In stark contrast to the current concern about heatwaves, “our analysis reveals a silent majority of heatwaves that had no or even positive impacts on these ecosystems,” Pinsky said. “While this ocean resilience is good news, it also means that negative impacts are unpredictable. Each heatwave that hits is like rolling the dice: will it be a bad one or not? We don’t know until it happens, and this uncertainty is difficult for fisheries and coastal economies.”

Pinsky said that to reach the conclusions, researchers assessed the impacts of 248 marine heatwaves along the coasts of North America and Europe from 1993 to 2019, using 82,322 samples from scientific surveys of marine fishes.
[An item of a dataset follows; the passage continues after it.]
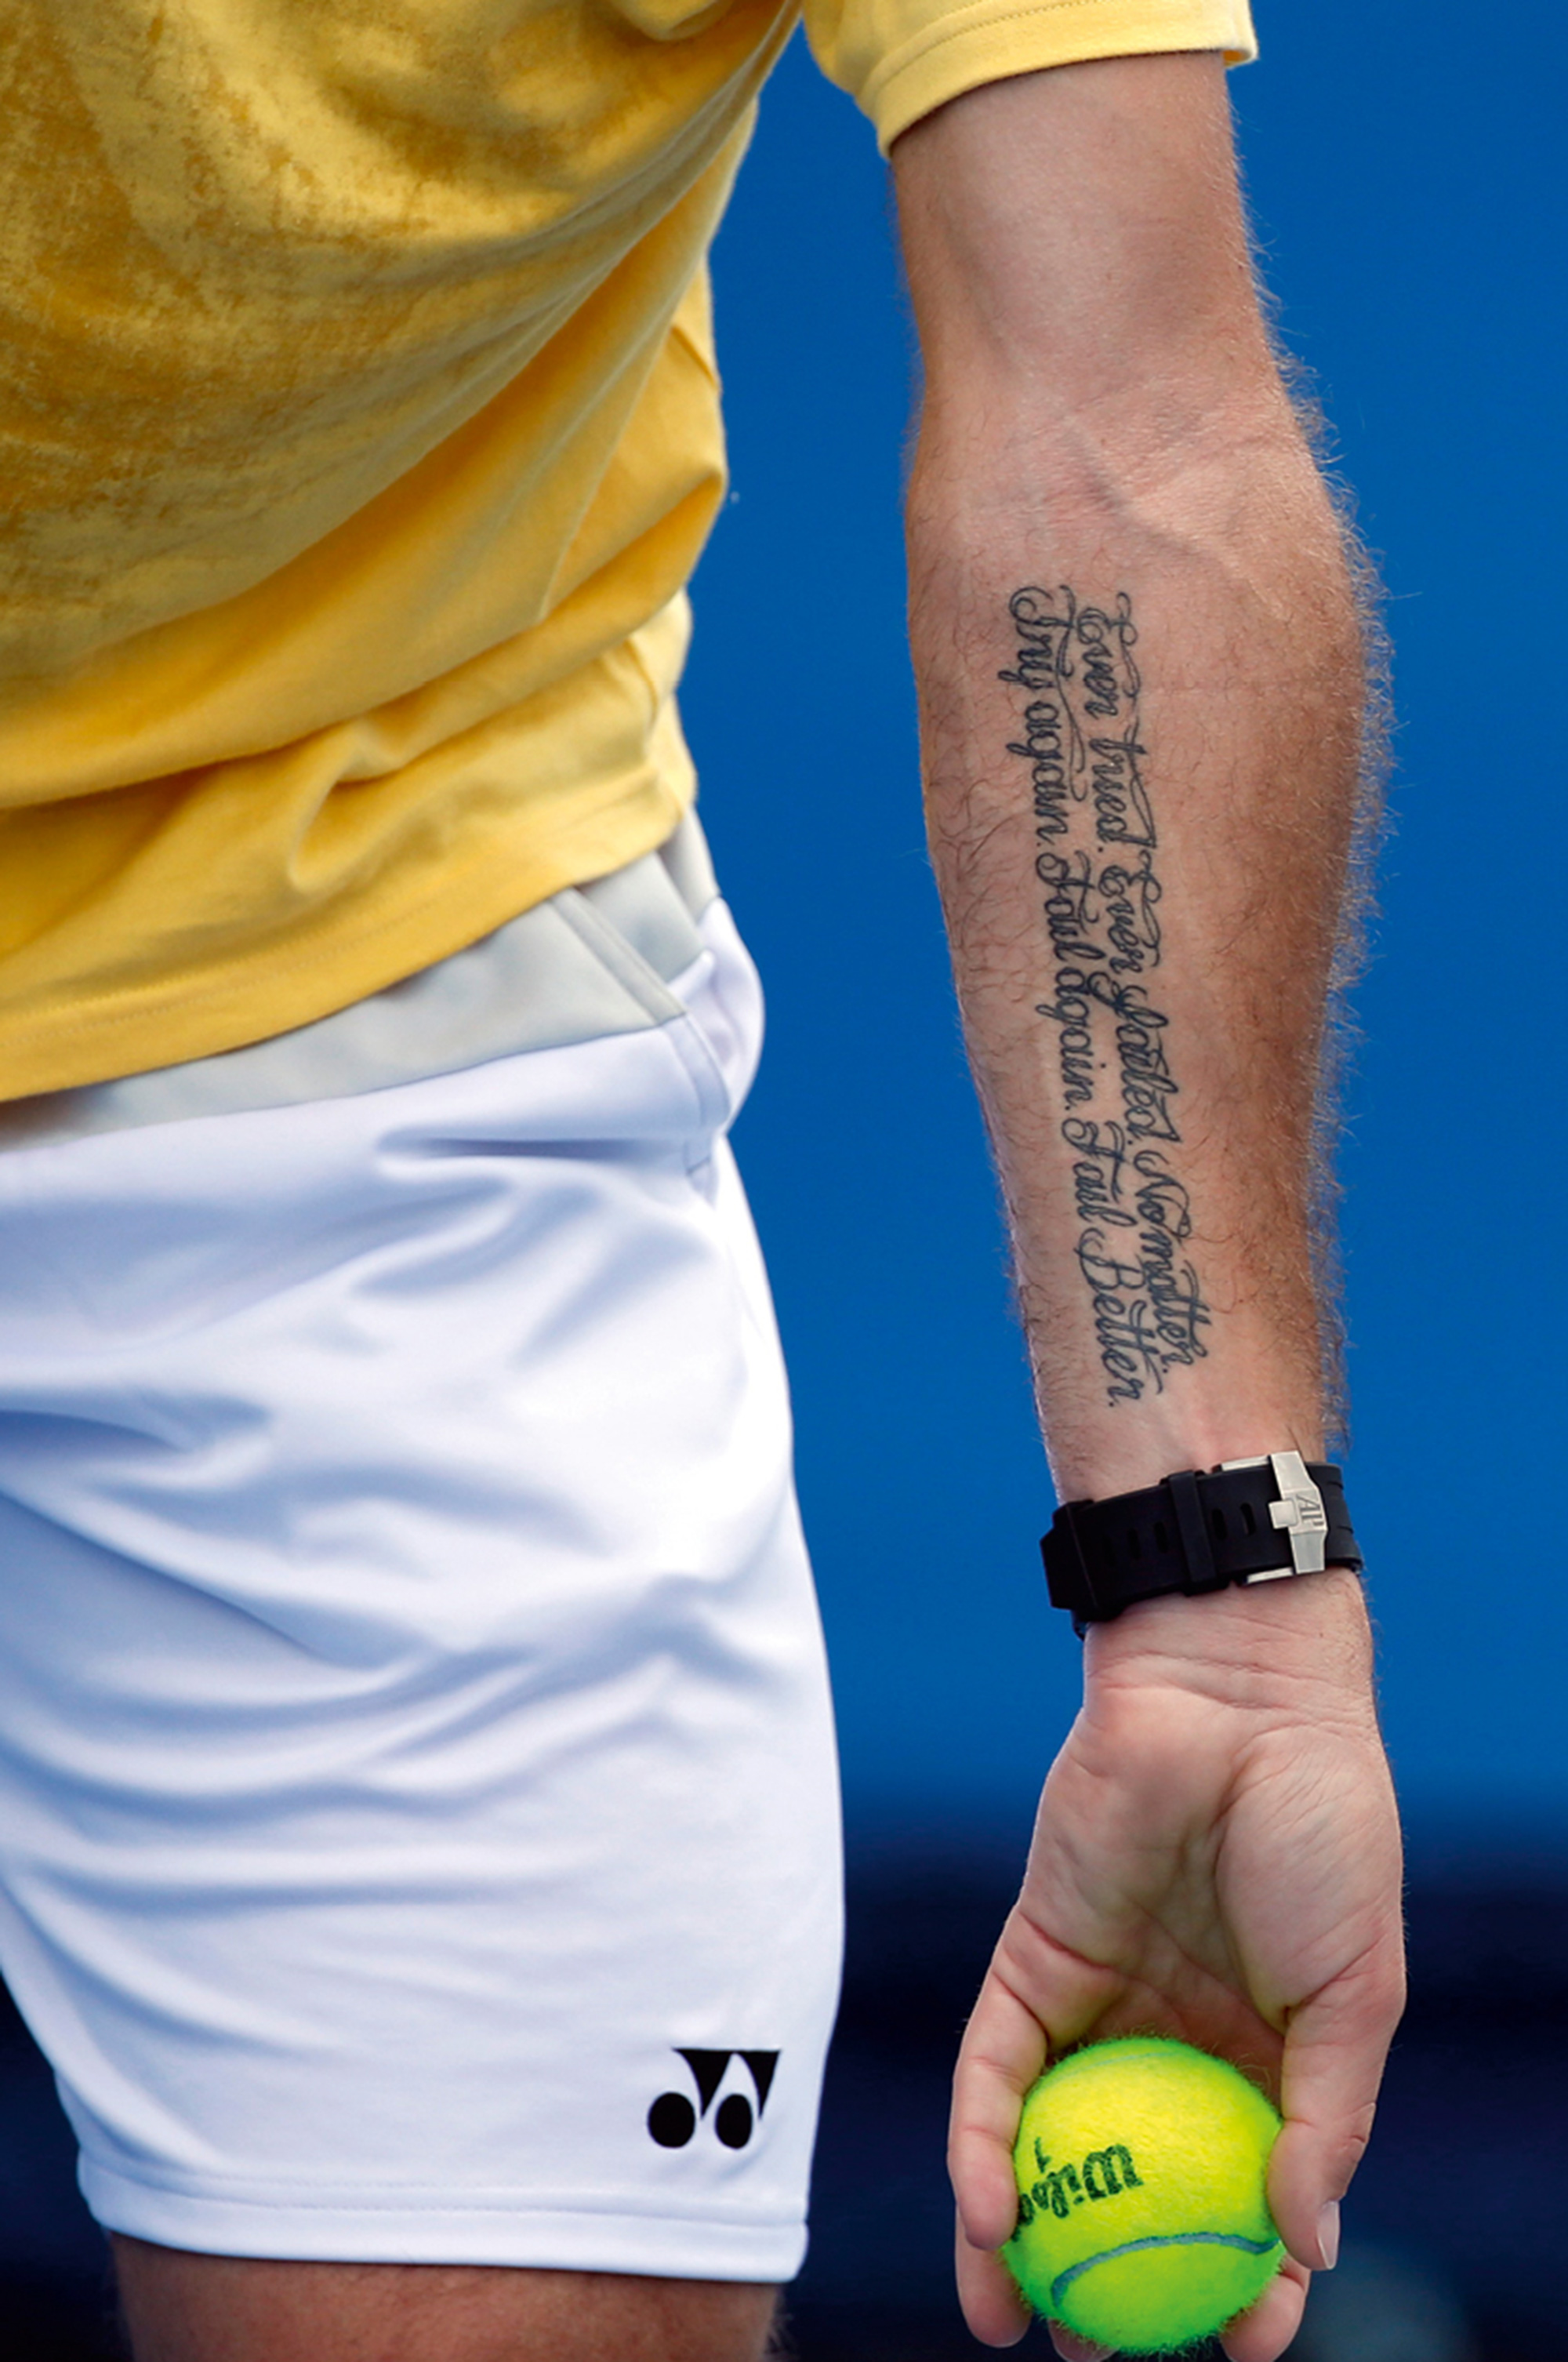 “A photograph of a quote from Samuel Beckett tattooed on the forearm of tennis player Stanislas Wawrinka, which reads “Ever tried. Ever failed. No Matter. Try again. Fail again. Fail better.” 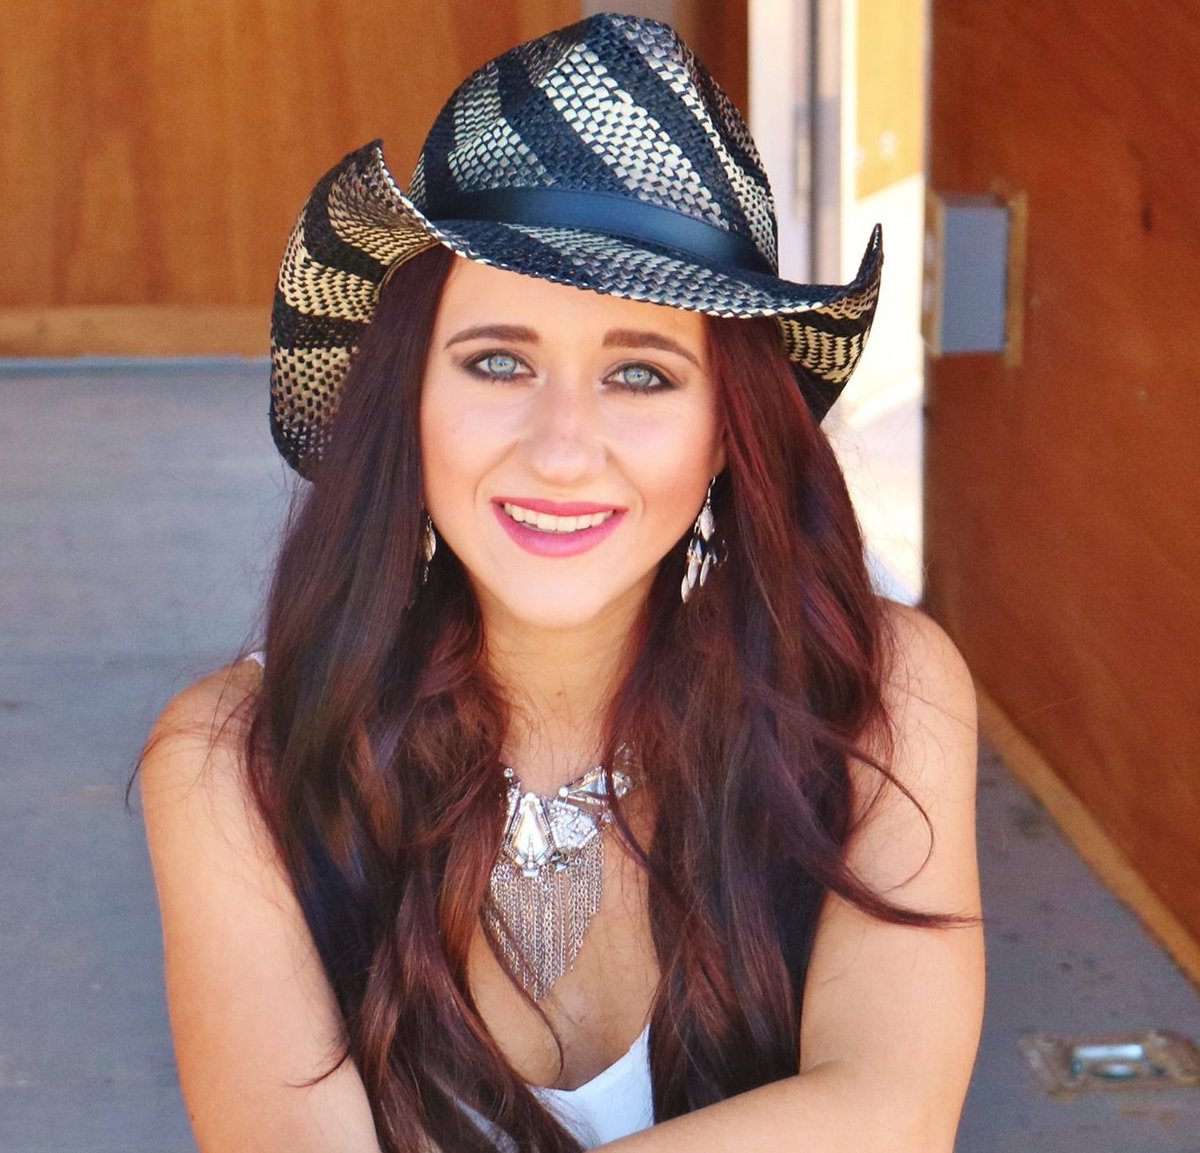 Hey y’all! I’ll be on #FacebookLive today at 5pm PDT! Can’t wait to see you then!#countrymusic #truecountry #Simplelifetour #CMT facebook.com/AshleyWineland…

“There is an emerging sense that the oceans do have some resilience, and while they are changing in response to climate change, we don’t see evidence that marine heatwaves are wiping out fisheries,” noted lead author Alexa Fredston, an assistant professor of ocean science at University of California, Santa Cruz.

“The oceans are highly variable, and fish populations vary quite a lot. Against that background, we didn’t see evidence of marine heatwaves dramatically reducing the abundance of fish in the temperate oceans,” Fredston said. “Marine heatwaves can drive local change, but there have been hundreds of marine heatwaves with no lasting impacts.”

Researchers also studied whether marine heatwaves were resulting in loss of species associated with cold water and an increase in species associated with warm water, something known as “tropicalization.” Fredston said that while topicalization has been associated with long-term warming of oceans they saw no consistent signature of that associated with marine heatwaves.